Palantir’s stock concluded Friday with a 3.5% decrease, continuing its decline with over a 2% drop in premarket trading. This downturn is partly due to concerns over a potential trade war between the US and Europe. The sentiment around the stock is currently fragile, contributing to this ongoing decline.
Palantir is trading within an upsloping parallel channel, generally perceived as a bearish pattern. If the channel breaks downward, there is a risk of a deeper decline. Potentially, the stock could drop to around $147, marking a crucial chart level where price stabilization might occur under increased selling pressure.
Palantir, being publicly traded, often experiences volatility due to macroeconomic events and technical positioning. This volatility requires careful attention to the charts to avoid decisions driven by emotions.
Risk management is vital in such a scenario.
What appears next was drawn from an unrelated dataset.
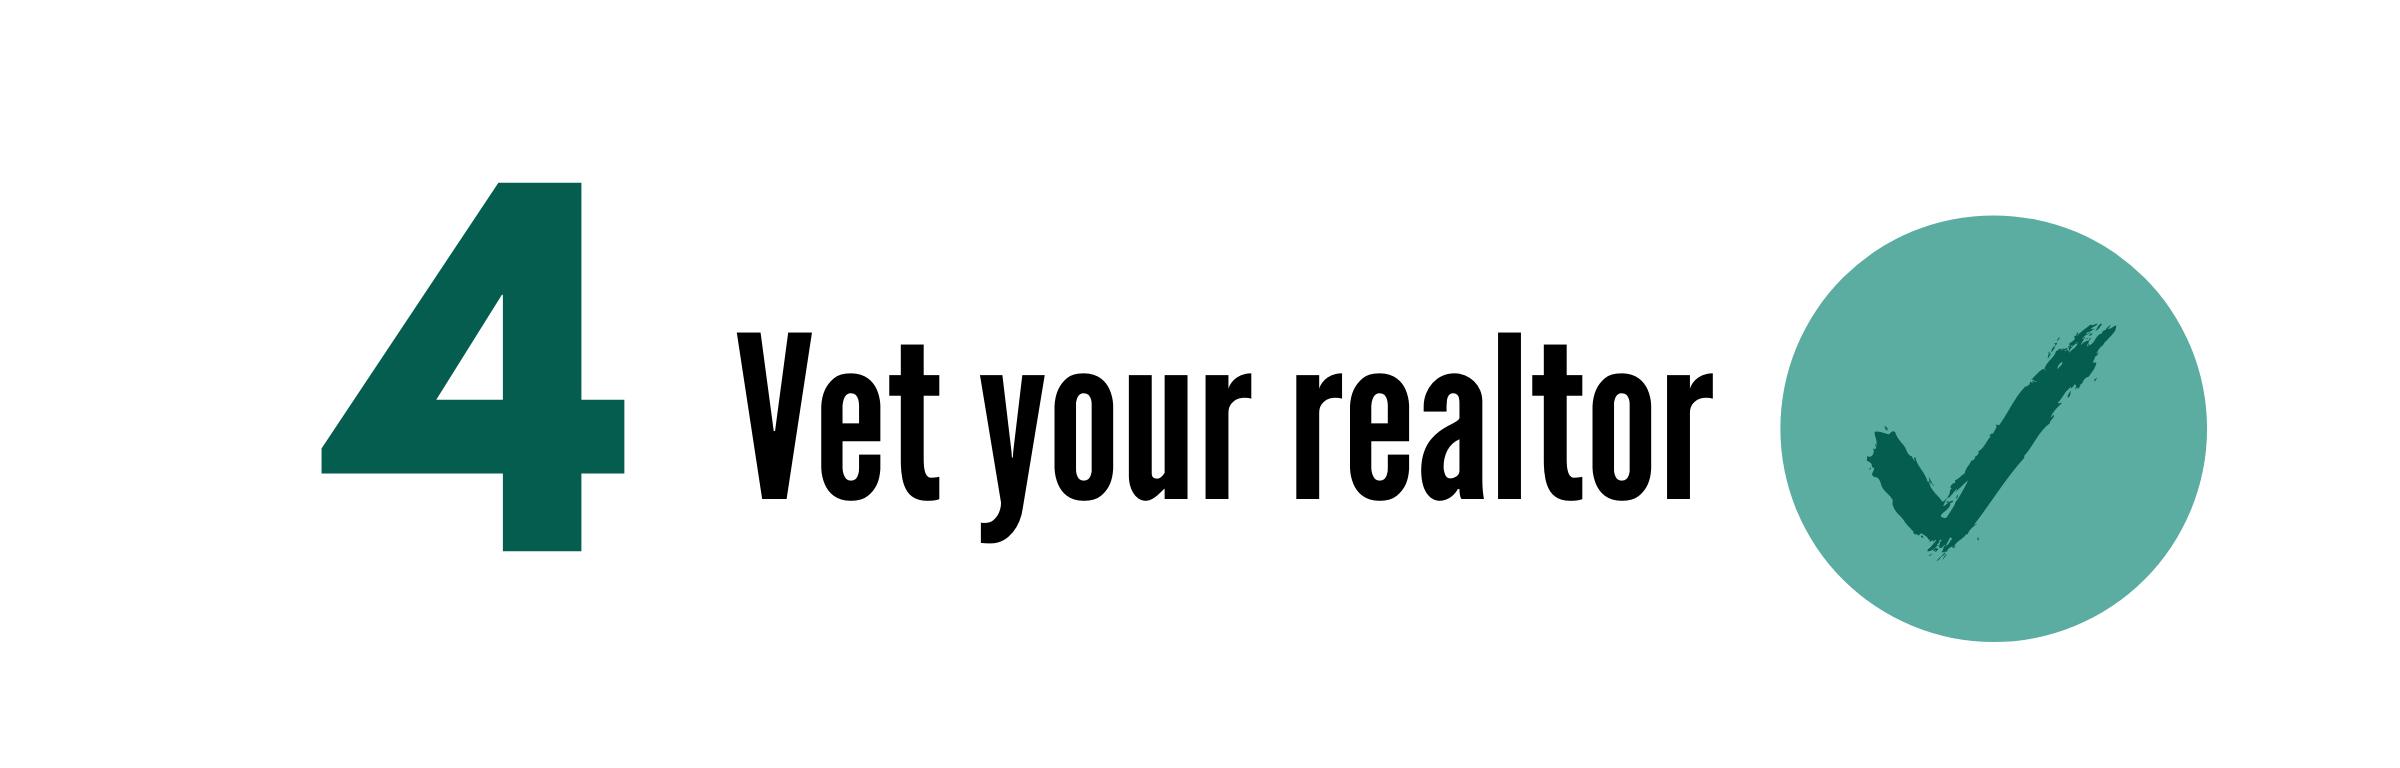 Vet your realtor
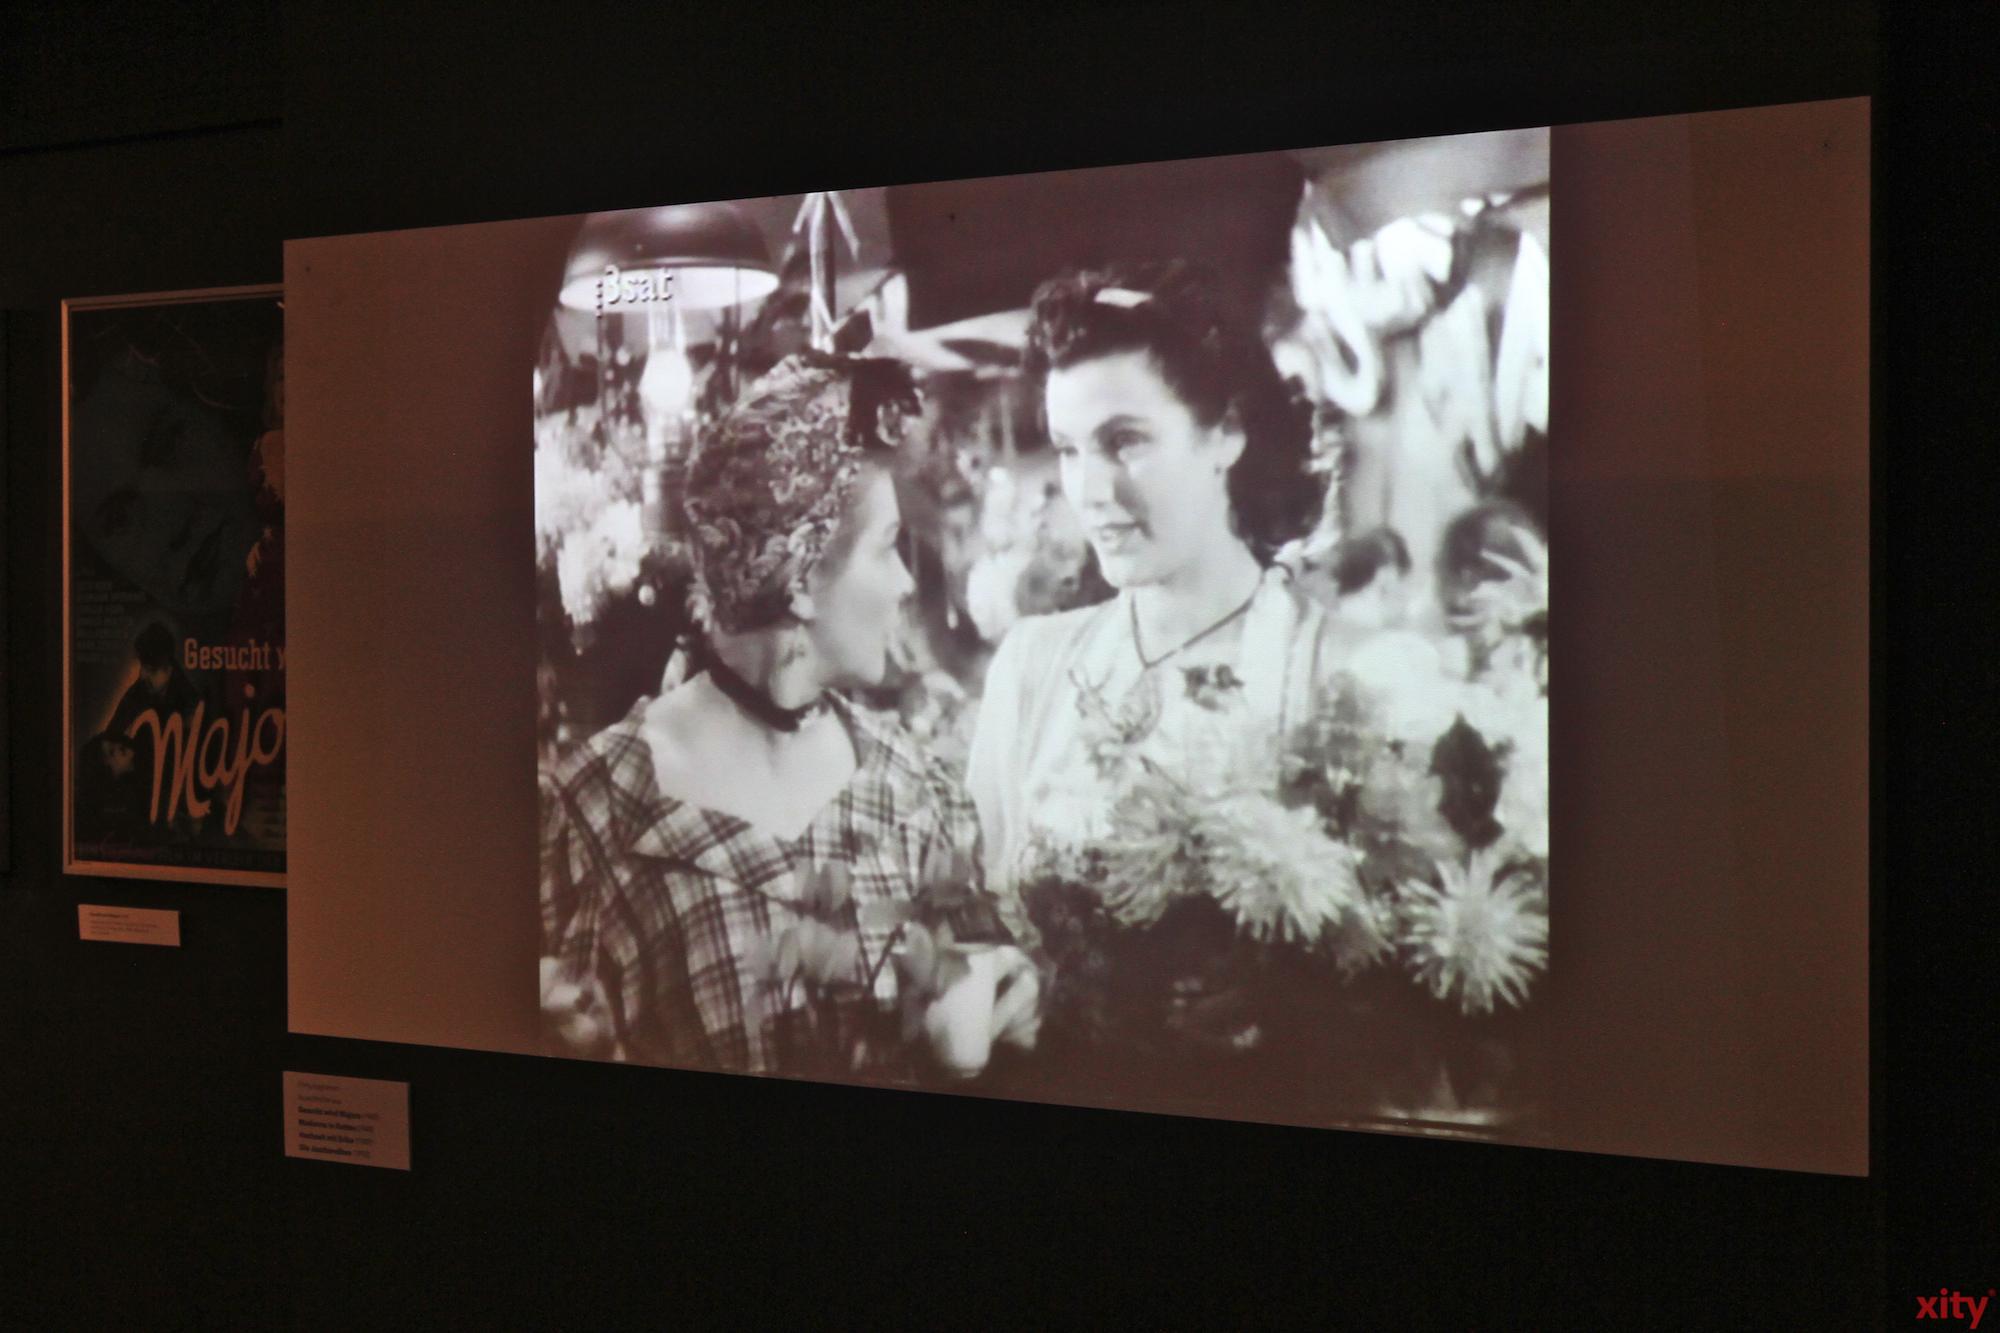 Teil der Ausstellung ist auch ein Ausschnitt aus einem Dokumentarfilm der 1930er bis 1950er Jahre (Foto: xity)

It involves setting levels, respecting invalidation points, and not assuming a rebound purely based on previous declines. Monitoring the chart’s indications is essential, allowing for decisions based on objective analysis.
We saw how fragile sentiment in Palantir was late last year, when concerns over a US-Europe trade war sent the stock tumbling. Those concerns are now escalating, especially after the US Commerce Department announced a review of digital services taxes last week. Recent data from Eurostat showing a 5% decline in US tech imports for Q4 2025 confirms these fears are starting to impact the numbers.
From a technical standpoint, the upsloping parallel channel we were watching in 2025 remains the dominant pattern on the chart. This structure is still viewed as bearish, and the stock is once again testing its lower boundary. A decisive break below the current support around $158 would signal that the next major leg down is beginning.
Given this setup, we should be looking at put options to hedge or speculate on a downside move. March or April expirations would provide enough time for this pattern to resolve, especially since breakdowns can sometimes be followed by a brief retest of the broken support level. Implied volatility is now elevated near 45%, reflecting the market’s growing anxiety over trade policy.
For a more risk-defined strategy, a bear put spread is logical to offset some of the high premium costs. We could consider buying a put with a strike near the current price and selling a put down at the $147 target level. This approach profits directly from the scenario where the channel breaks and the price moves toward that key low pivot we identified last year.
We only need to look back to the AI-driven volatility of mid-2024 to remember how quickly Palantir can reprice on macro shifts. During that time, we saw swings of over 15% happen in just a few weeks. Using options allows us to position for a similar move without exposing ourselves to the unlimited risk of shorting the stock outright.